Head of Be Free Israel Uri Keidar said in a statement that “we must not accept a situation in which Laniado Hospital continues to blatantly ignore the law and hurt patients.”

The petition was filed against Laniado Hospital, acting Health Minister Yoav Ben-Tzur of the Haredi Shas party, and the Health Ministry.

Ben-Tzur was made health minister to replace Shas party leader Aryeh Deri, who was fired from the position after a High Court ruling that he could not be a minister due to his recent criminal convictions and his ostensible promise last year to withdraw from political life as part of a plea bargain.

Yoav Ben-Tzur, acting health minister (right), with Aryeh Deri at the Ministry of Social Affairs, Jerusalem, on January 1, 2023. (Yonatan Sindel/Flash90)

Several large hospitals have said they will post signage on hospital premises but not search belongings to enforce the restrictions. Some said they would set up designated spaces or lockers for anyone wishing to keep hametz there. Passover begins on the evening of Wednesday, April 5, this year.

But on Sunday, according to Channel 12, an employee stationed at the entrance to Laniado Hospital, a religious hospital in Netanya, prevented a woman with a high-risk pregnancy from entering with a package of wafers that were not kosher for Passover, and she was required to leave the food outside.
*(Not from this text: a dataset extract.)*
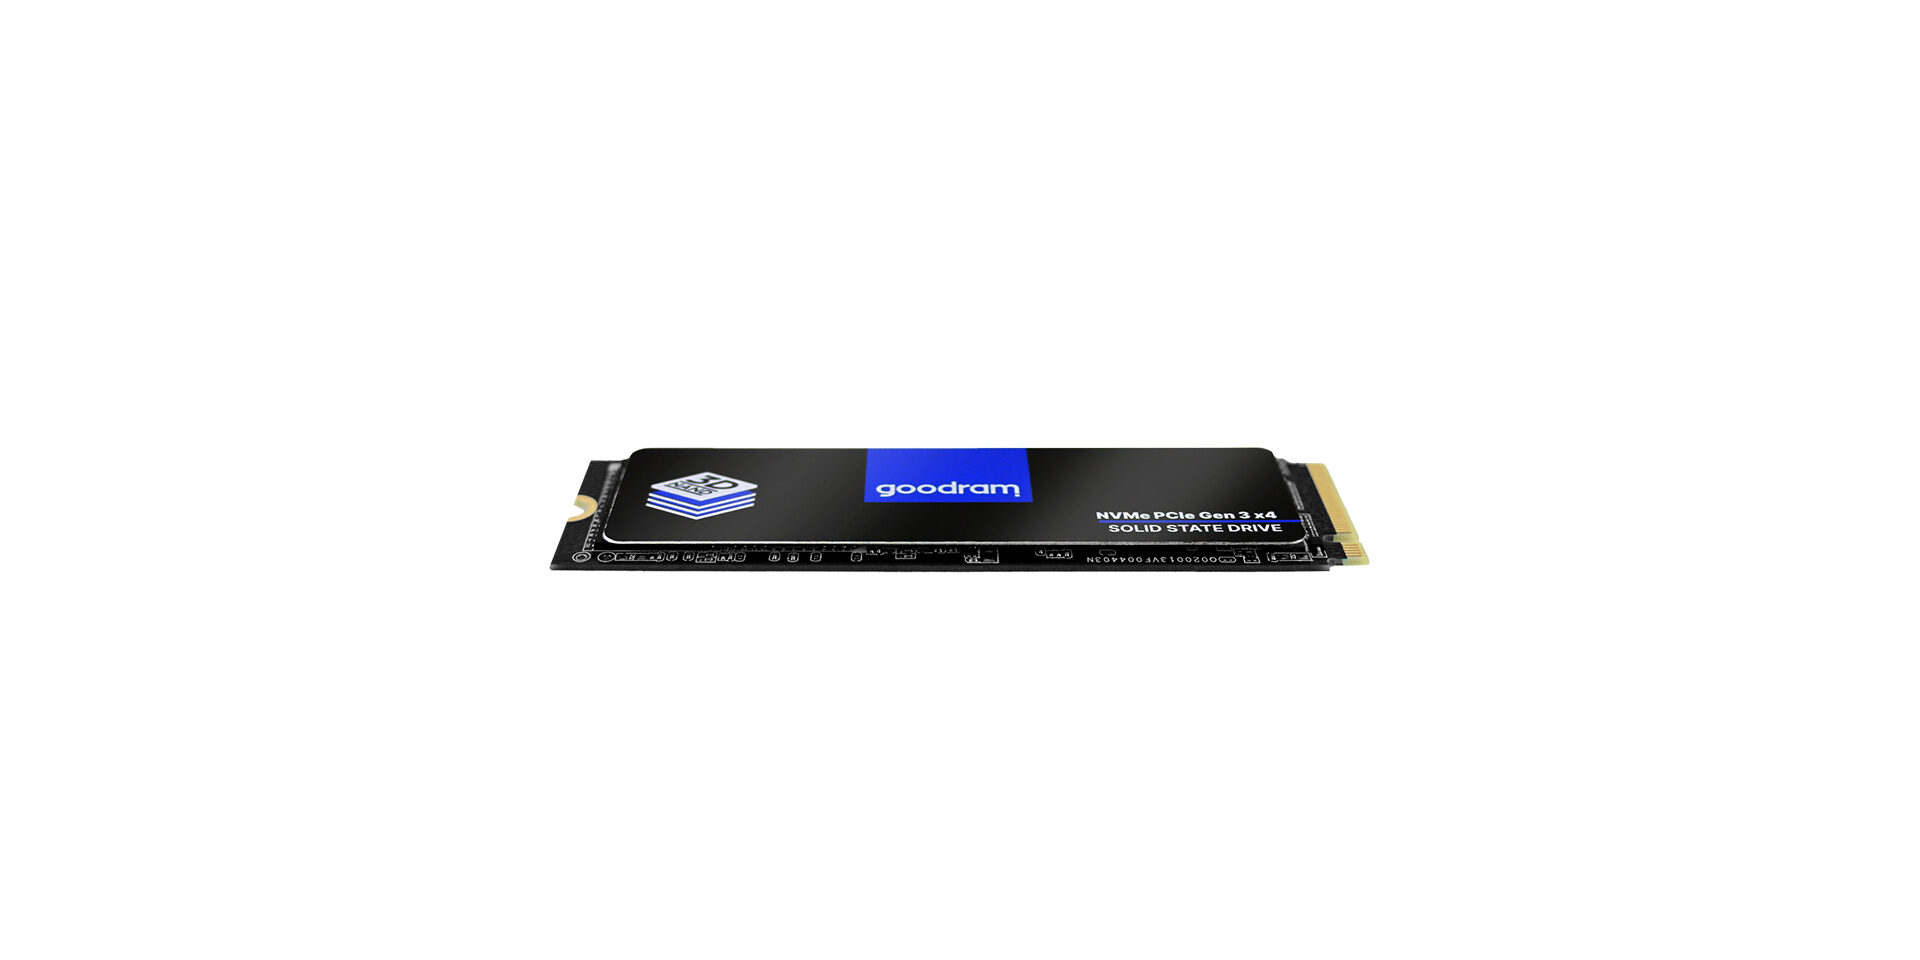 Goodram PX500 SSD, PCIe 3x4, 256 GB, M.2 2280, NVMe, RETAIL GEN2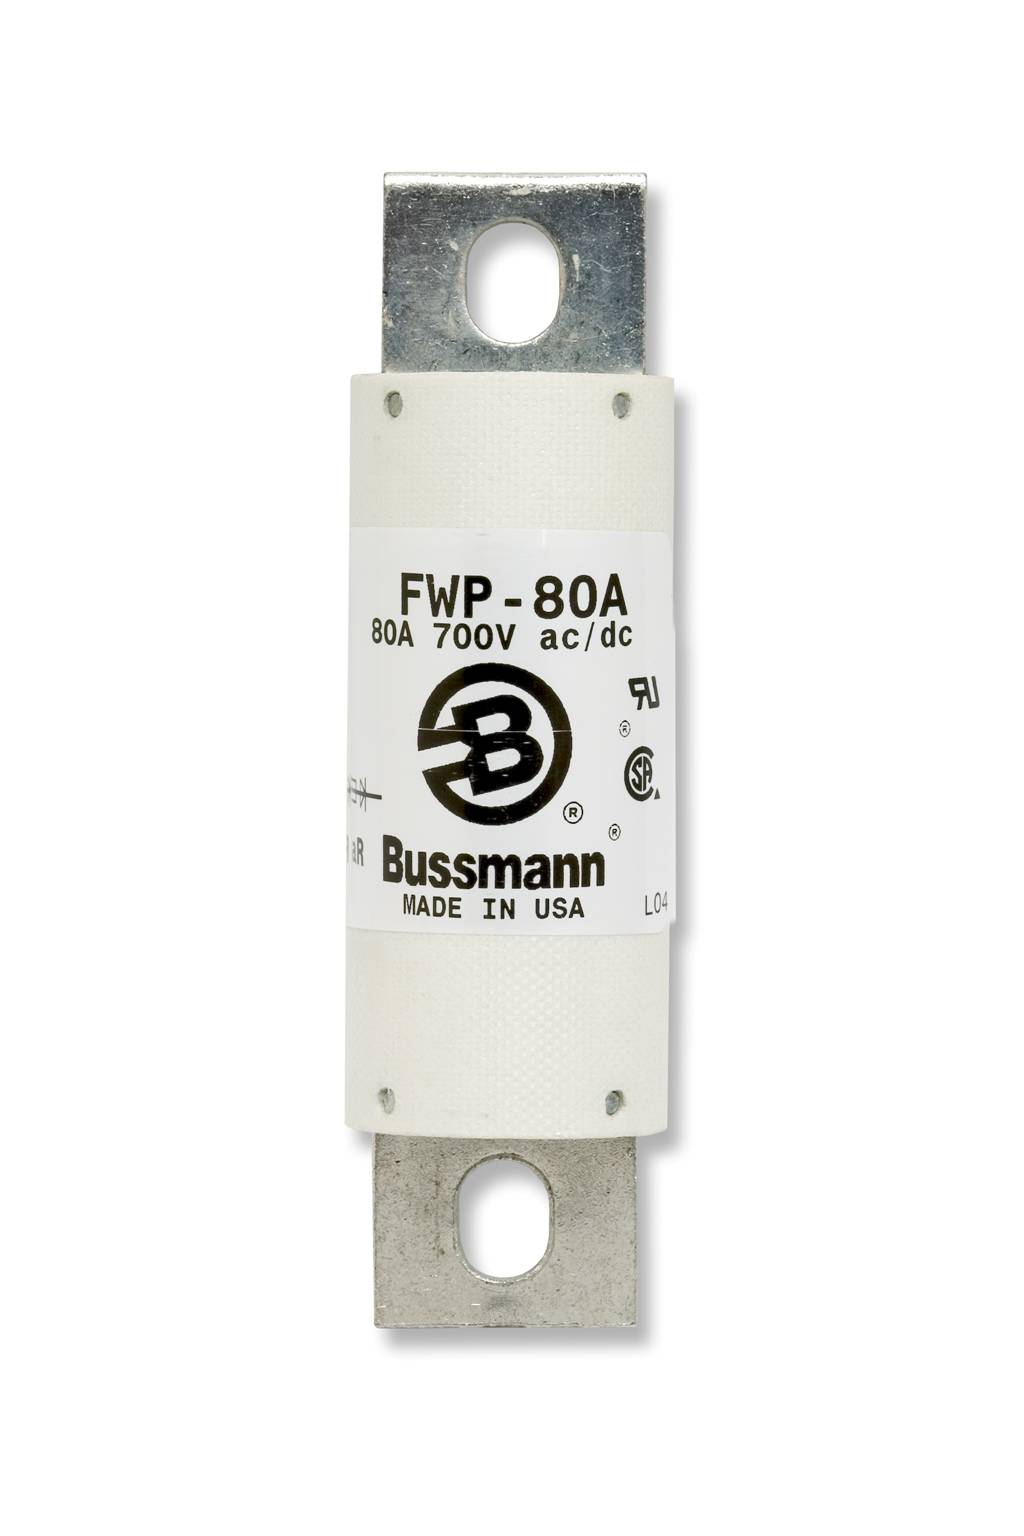 Part # FWP-1000A  Manufacturer BUSSMANN  Product Type 700 Volt Fuse

The hospital was founded in 1976 by Rabbi Yekutiel Yehuda Halberstam and is owned by the Sanz Hasidic sect, though it also receives state funding.

The woman’s husband, whose name was not disclosed, told Channel 12 a tent was set up at the hospital’s entrance where patients and visitors were required to hand over any food that was not kosher for Passover in exchange for a ticket to later get their food back, and gain entry to the hospital.

“They told her, ‘You have food that is non-kosher for Passover, leave it outside and we’ll get you a ticket.’ She has a high-risk pregnancy and it does not make sense that she should go into urgent treatment without food to sustain her throughout the day,” he added, explaining that his wife receives treatment at the hospital every two weeks during the pregnancy.

A man prepares matza in Kfar Chabad, April 2, 2023 (Yossi Aloni/Flash90)

The new hametz law was sponsored by the ultra-Orthodox United Torah Judaism party, outraged after a 2020 High Court of Justice ruling blocked hospitals from searching bags to check for hametz in response to petitions decrying the searches as invasive and religiously intrusive. The court extended its ruling to army bases last year.

The fight over hametz in hospitals has become a symbol for both secular and religious Jews of their fight over religion’s place in the Jewish state, and of the legislative moves by Prime Minister Benjamin Netanyahu’s government — Israel’s most hardline to date.

The issue came to a crescendo last April, when the fight over hametz and its ties to religious values in the state was said to be the immediate catalyst for a member of the razor-thin coalition to defect, kicking off a three-month tumble toward the previous government’s collapse.